Left exposed

The Alternative Investment Fund Managers Directive, Europe’s answer to Dodd-Frank, contains extensive regulation that touches on all aspects of private funds and market structure. One of the notable inclusions for private equity funds and investors is the option to use an “external valuer” to provide independent valuations of assets like a potential portfolio company.

In essence, for private funds that want to be compliant with the law, they have two options. They can either have a fully capable, independent and accountable in-house team to produce valuations reviewed by an “external valuation advisor” and exercise strict governance over the individuals providing this services so as to ensure a measure of objectivity in their assessments, or they can outsource to an “external valuation adviser”. A handful of external valuation providers already exist. Historically, the Big Four accounting and advisory firms have played a role here, and also the investment banks. More recently, dedicated firms have emerged with the sole purpose of valuing assets.

On the surface, the fact that these service providers are on hand to step in would make it seem as though implementation of the Directive is going as planned. However, now that we are out of the first year transition period (AIFMD became effective in July 2013), fund managers and service providers are realising that compliance even with this seemingly straightforward aspect of the Directive is more difficult than previously thought.

At issue is the potential liability to the providers of these valuations. Accounting practice assigns a level to assets based on the difficulty of pricing them. Levels 1 & 2 most commonly include things like public equities, or other regularly traded assets that have an existing market and generally accepted norms when it comes to pricing. Level 3 assets are illiquid assets such as private equity portfolio companies, i.e. assets that require expert valuations.

When a private equity firm needs to place a value on a Level 3 asset and doesn’t have an in-house team that passes the governance and expertise test, then according to the law they must opt for an external valuer.

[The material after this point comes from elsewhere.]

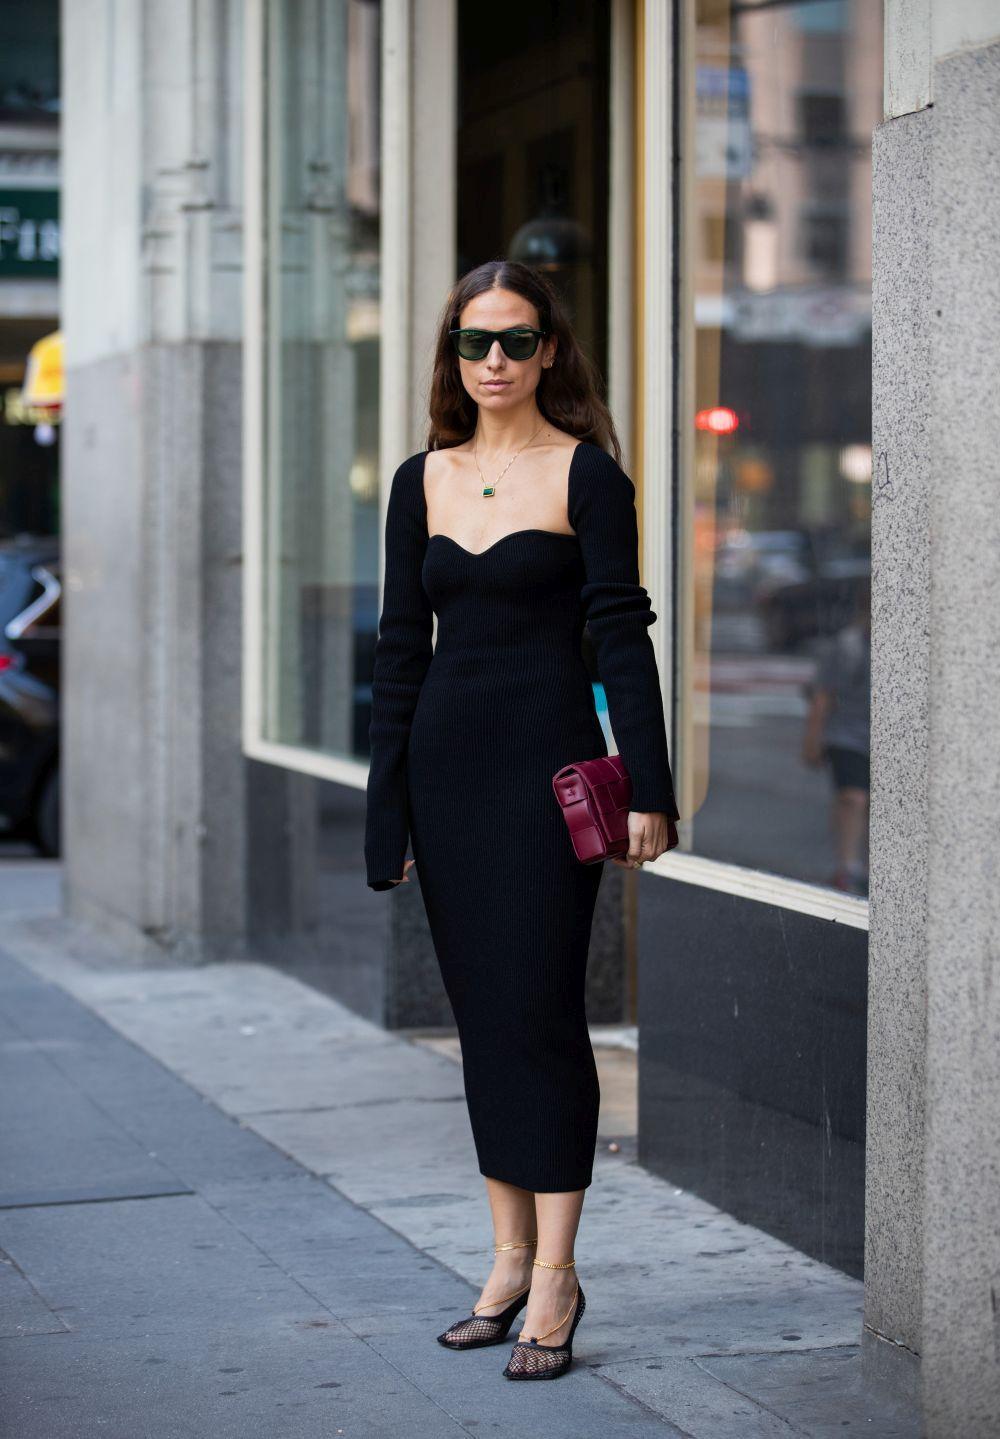 Erika Boldrin luce el vestido negro en clave gótica.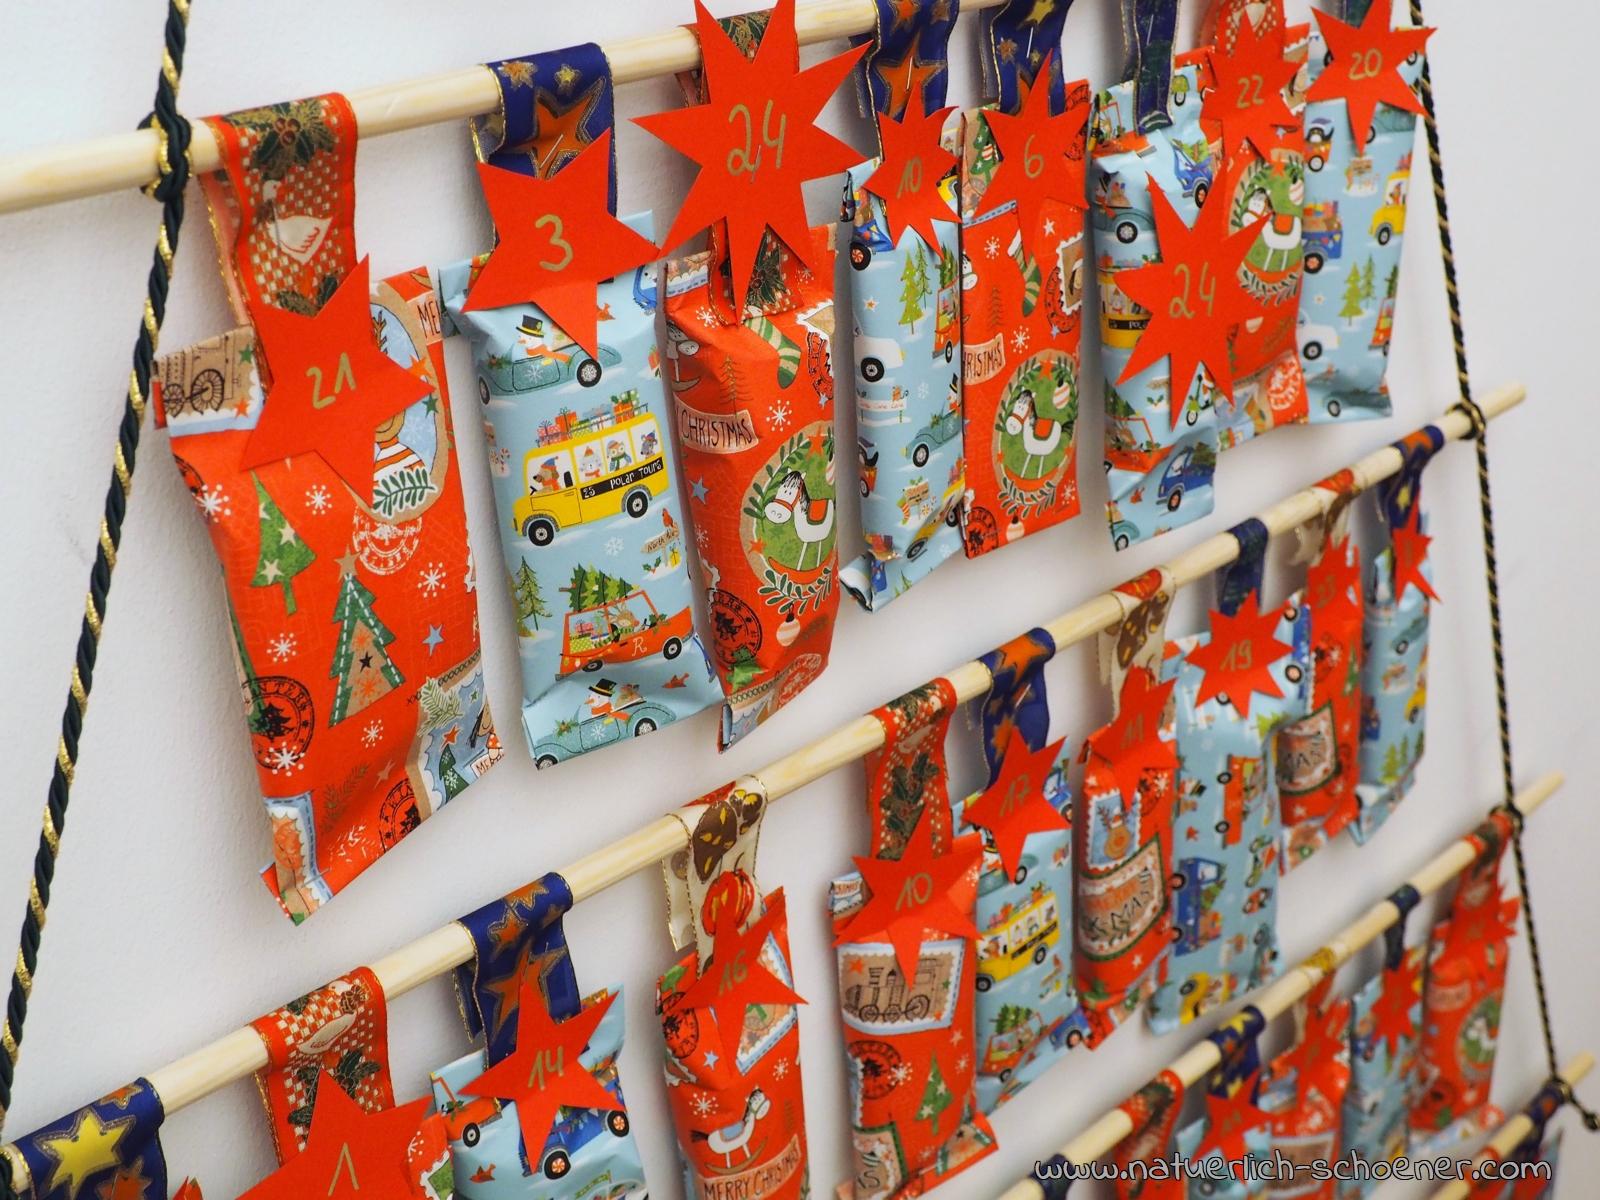 Diy Adventkalender Für Kinder – Ganz Einfach Und Schnell ganzes Adventskalender Selber Machen Kinder

In practise, however, and thanks entirely to AIFMD, GPs are finding it difficult to find valuation specialists who want their business because the rules impose unlimited liability on the external valuer. In practice this means that if an asset gets valued at $10 million, but only sells for $9 million, if a firm finds cause they can sue the provider of the valuation.

“We’ve interpreted that as the party bringing the suit is going to have to find gross negligence on our part, but it could still happen,” John Czapla, senior partner and managing director of Valuation Research Corporation’s US portfolio securities valuation practice tells Private Equity International. “I do think people are keeping an eye on this issue because the regulator hasn’t been clear on the bounds of that liability. You could see fees for this type of work go up considerably.”

Czapla’s viewpoint is strongly echoed by Dr. Cindy Ma, a managing director and global head of portfolio valuation of Houlihan Lokey, and a board member of the International Valuation Standards Council: “The fee we would have to charge for something like this could be very high – if we were to take on this liability. GPs have been surprised to learn about this issue, but we started telling people about it once we realised the potential liability. We had to start examining whether it was worth continuing to provide the service and what incremental E&O insurance cover would cost. I think GPs will have to consider whether they should pay for this or just hire an in-house team with an independent third-party valuation firm providing review and advice on the valuation process (the external valuation advisor). I think that’s going to be an unintended consequence of the provision.”

What’s more, unlimited liability for the valuer could have further unintended consequences when it comes to the quality of the work produced. “Once you see fees go up, smaller GPs may be forced to go to a lower-tier provider because they are still willing to do the work. That reality doesn’t really provide the full protection intended with the provisions in the Directive,” Ma adds.

The European Securities and Markets Authority (ESMA) has plans for review of the Directive as implementation moves forward, but hasn’t provided much in the way of additional guidance around the liability laid out in the law. Legal sources say that many practitioners are now in wait-and-see mode. Czapla adds that it is important for service providers to set clear and consistent terms with GPs.

In the US, the SEC has already zeroed in on valuations as a key area for its examination of private equity funds, and enforcement actions have already moved forward. This year both Lincolnshire Management and Clean Energy Capital have seen charges and fines. The SEC also filed a complaint against GLG Partners for overvaluation of assets in December 2013. That case saw a GLG pay $9 million settlement.

If Europe’s regulators take a page from the SEC as they have on other regulations already, GPs active there could see similar legal action before long.